Efectivamente, como si mi pensamiento hubiese atraído tal hecho, la lluvia comenzó a caer, primero suavemente, como un aviso, ya que el cielo se iba ennegreciendo por momentos amenazando fuerte temporal. Yo estaba a bastante distancia de la puerta y no me apetecía mojarme por el camino, por lo que opté por refugiarme pegada a una pared que estaba protegida por un pequeño tejado. El sitio era respetado por la lluvia y además el aire la llevaba al otro extremo. Igual que yo debió de pensar la muchacha que corría a resguardarse allí.

–¡Hola! –saludé.

–¡Hola! –contestó.

–Tú tampoco llevas paraguas –comenté al constatar aquel hecho.
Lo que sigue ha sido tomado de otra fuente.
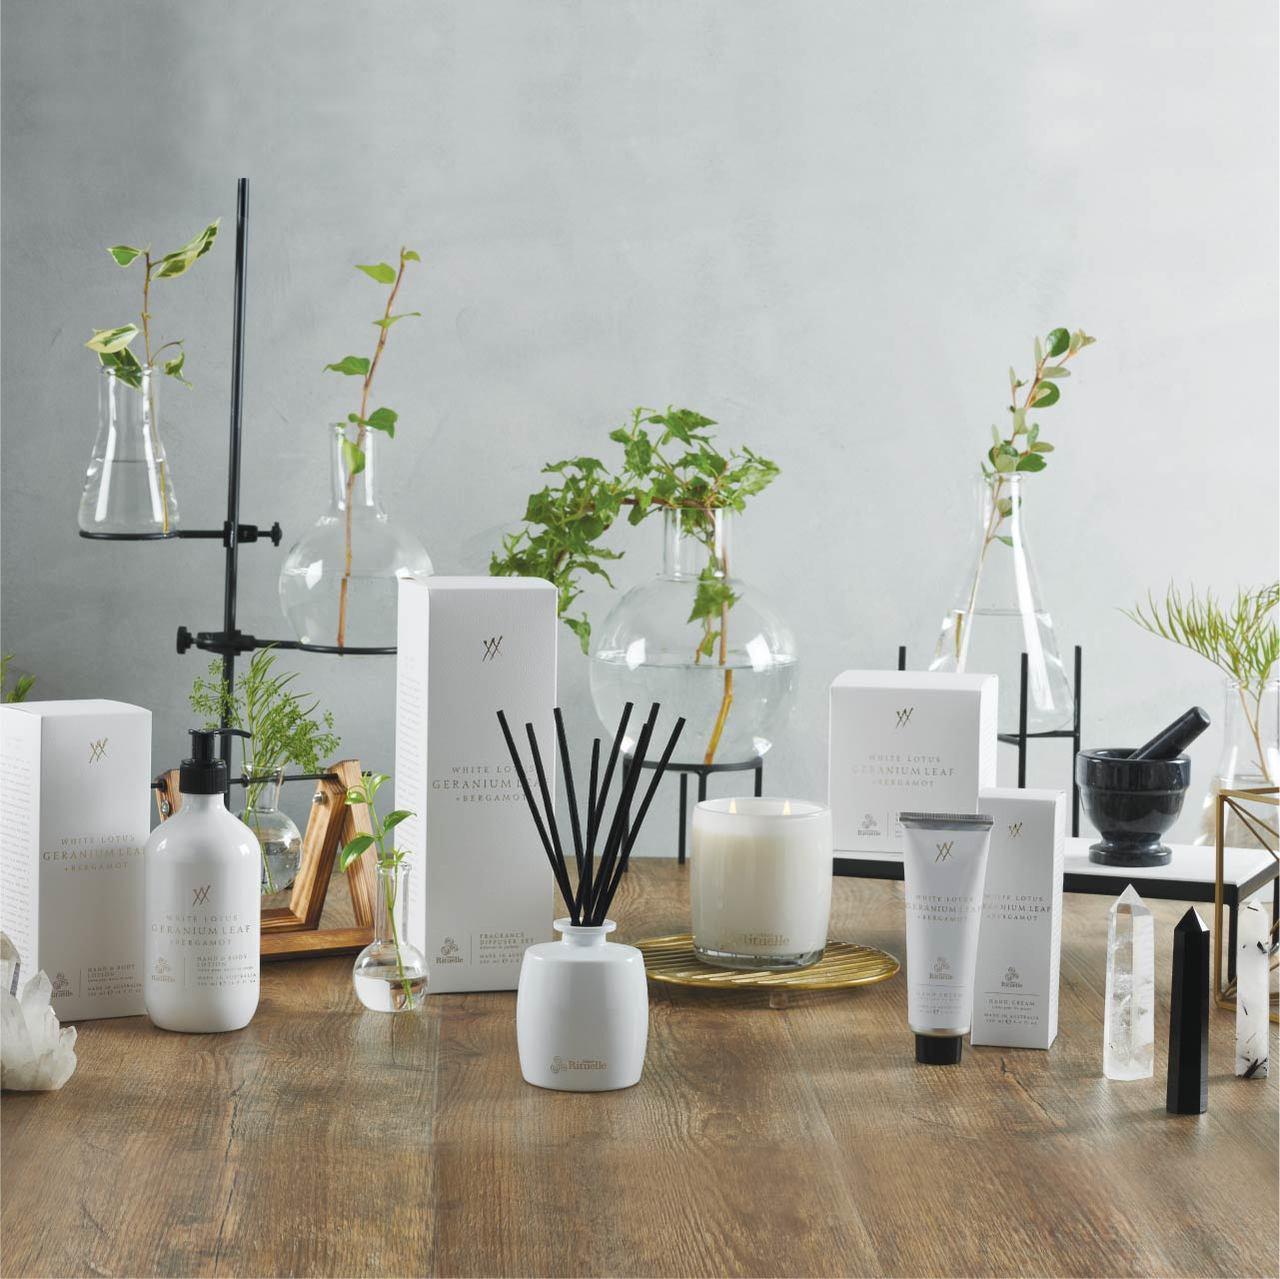 Alchemy - White Lotus, Geranium Leaf & Bergamot - Urban Rituelle

Ella sonrió y su sonrisa iluminó su cara. No era una chica lo que se dice guapa. Además, llevaba aquel feo piercing en la nariz y un largo tatuaje le asomaba por la minifalda atravesando su pierna de arriba abajo e iba a perderse en las botas militares que calzaba. Supuse que aún llevaría algún tatuaje más debajo de la ropa. La chica también llevaba un jersey rojo tan corto que le dejaba al aire el ombligo y una cazadora de piel o símil de piel, no sé, ahora hacen esas prendas con tanta calidad que me es difícil distinguirlo a simple vista. Pensé en lo absurdamente que se viste la juventud de ahora. Pero la chica parecía simpática.
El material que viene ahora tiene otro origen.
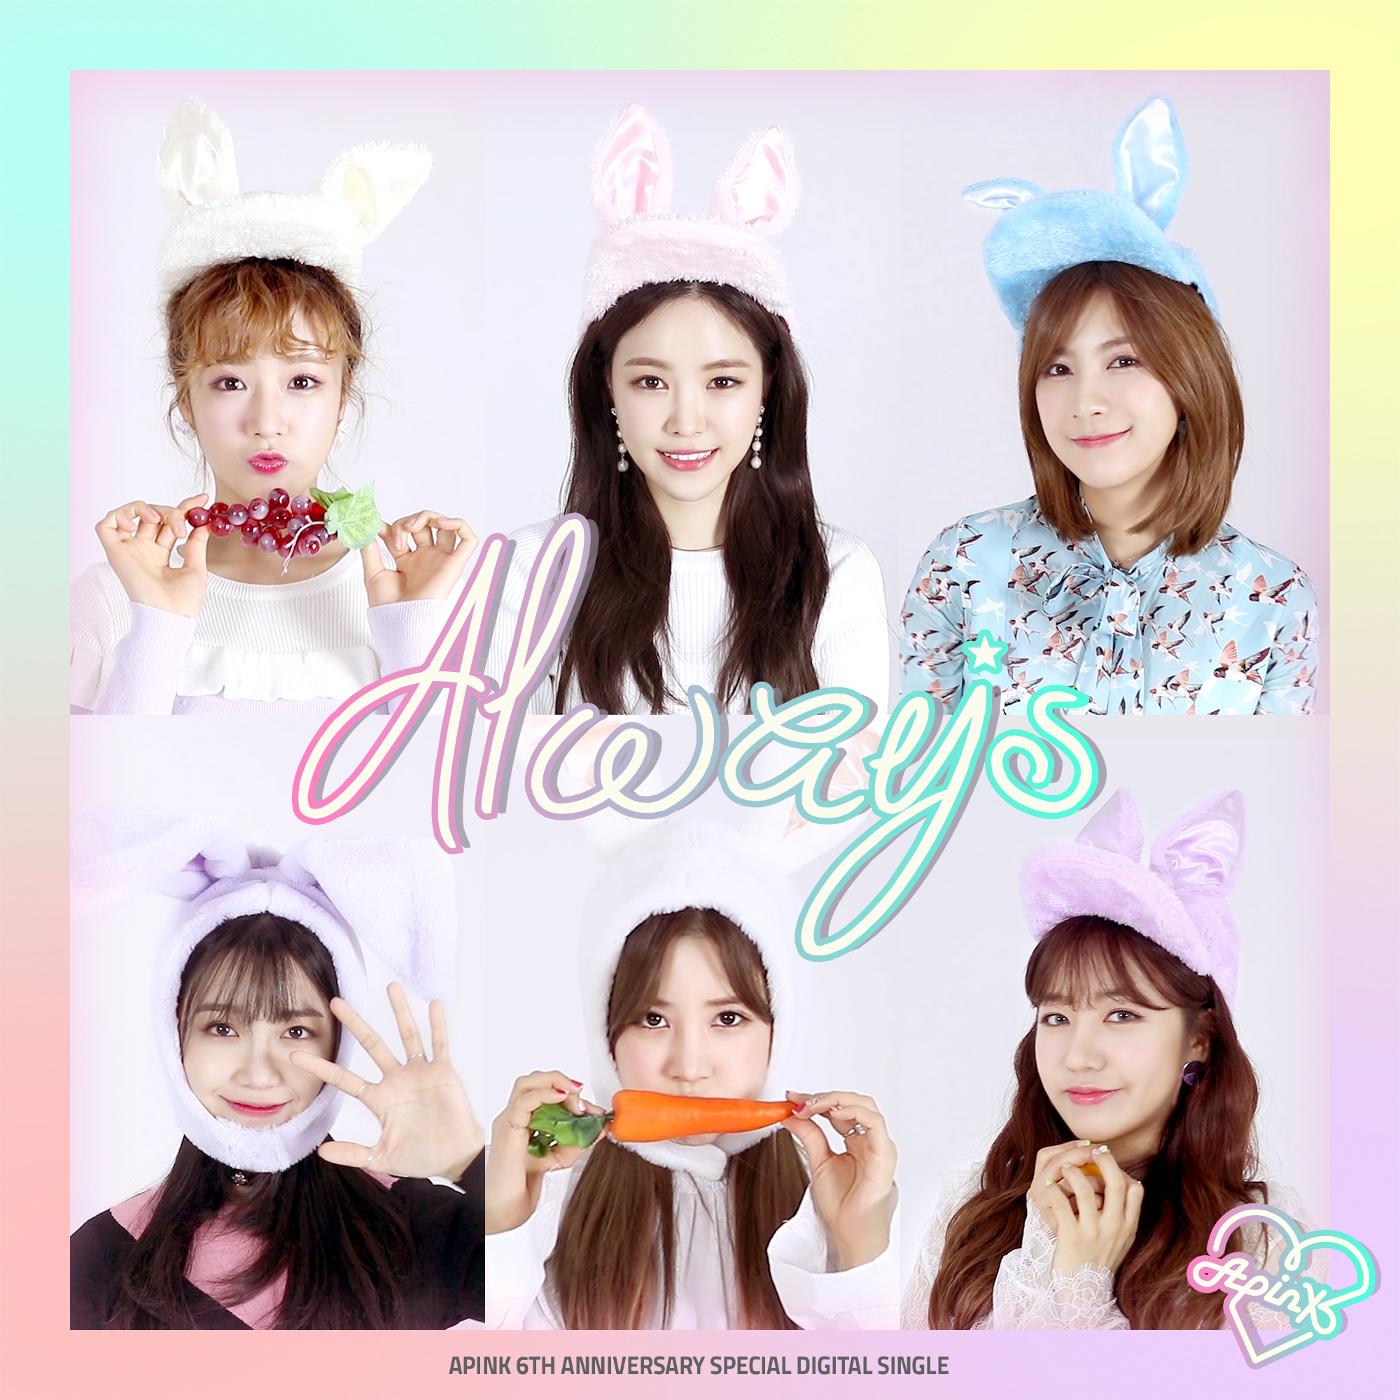 Always (Apink)

–Me llamo Lola –me presenté.

–Yo soy Isabel, pero todo el mundo me llama Lisbeth.

–Me imagino por qué –sonreí.

Con su oscura melena mal cortada, su pálida cara límpia de maquillaje, excepto los castaños ojos circundados de negro, sus tatuajes, su piercing, su vestimenta y su delgadez, parecía realmente la Lisbeth de Millenium.
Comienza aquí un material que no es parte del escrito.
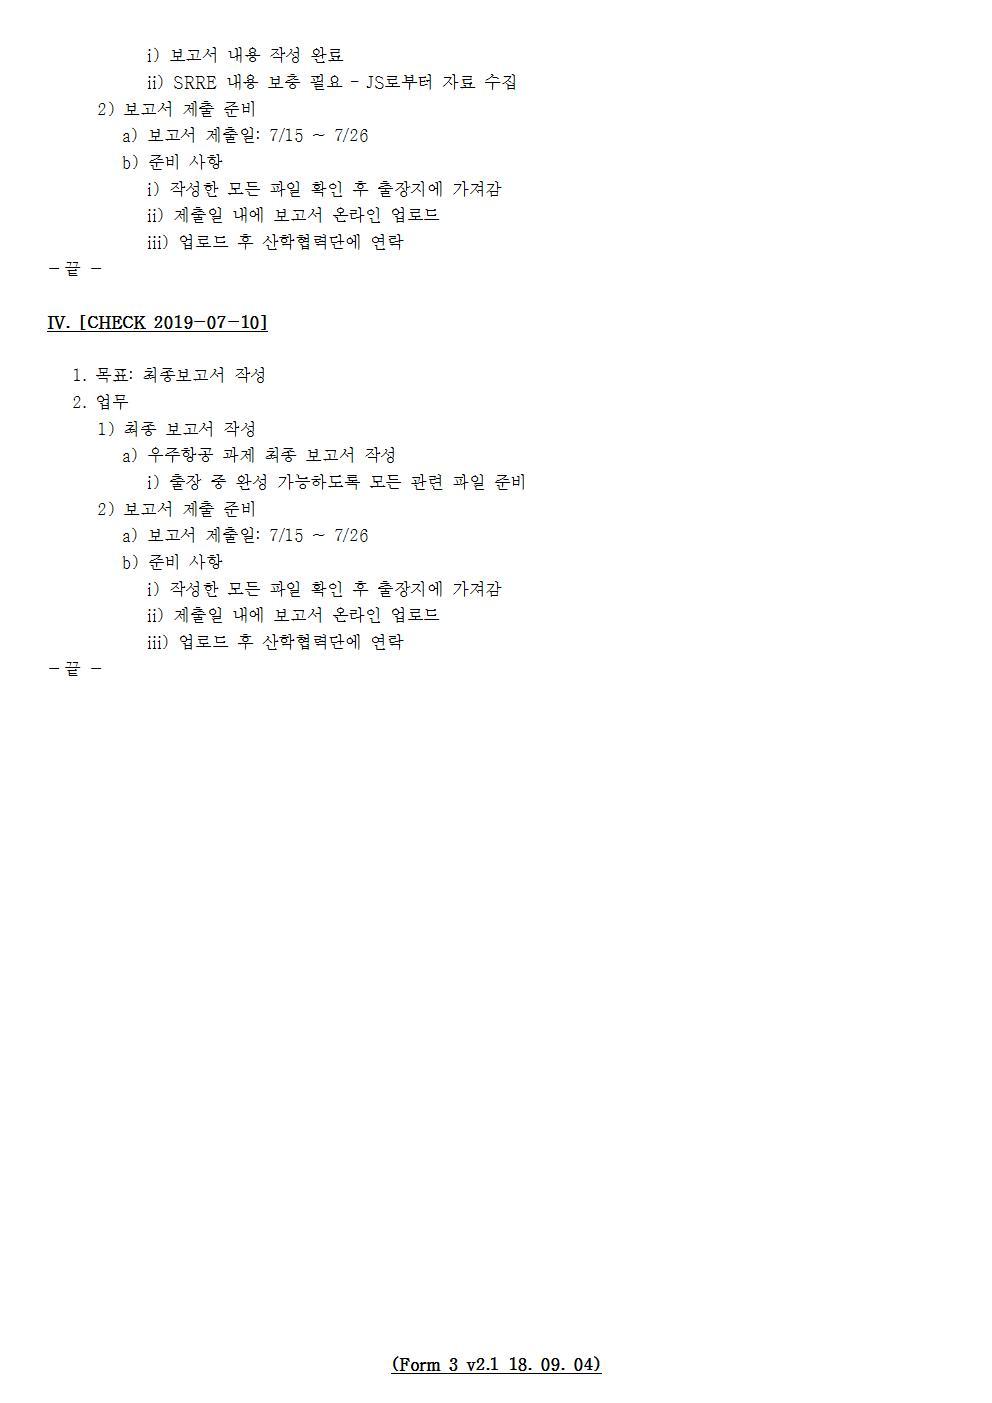 D-[19-005-RD-05]-[final report]-[2019-07-10][YB]-[19-7-2]-[P+D+C]002.jpg

–¿Tienes a alguien aquí? –me sonrojé al darme cuenta de lo absurdo de aquella pregunta– ¡Pues claro! Todos tenemos a alguien aquí. Que pregunta más tonta he hecho.

La chica me premió con su bonita sonrisa. No dejé de pensar que se volvía guapa cuando sonreía.

–¿A quién tienes tú? –preguntó ahora ella.

–¡Uf! A mi edad, mucha gente. Amigos de juventud que murieron demasiado pronto. Otros amigos de mucho después, familiares, vecinos… Demasiada gente. Pero ahora he venido por mis padres. Se acerca el día de Todos los Santos y quiero que su tumba esté arreglada.

–Les hechas de menos –no fue una pregunta por su parte, sino un hecho constatado.

–Sí –reconocí–. Todos los días. Y eso que hace muchos años que fallecieron. Hecho de menos sus brazos, su conversación, su compañía… ¿sabes? Hablábamos mucho de todo y a ellos les gustaba contarme cosas de sus vivencias y hechos que habían conocido. ¡Ojalá les hubiese escuchado con más atención! Ahora añoro sus historias.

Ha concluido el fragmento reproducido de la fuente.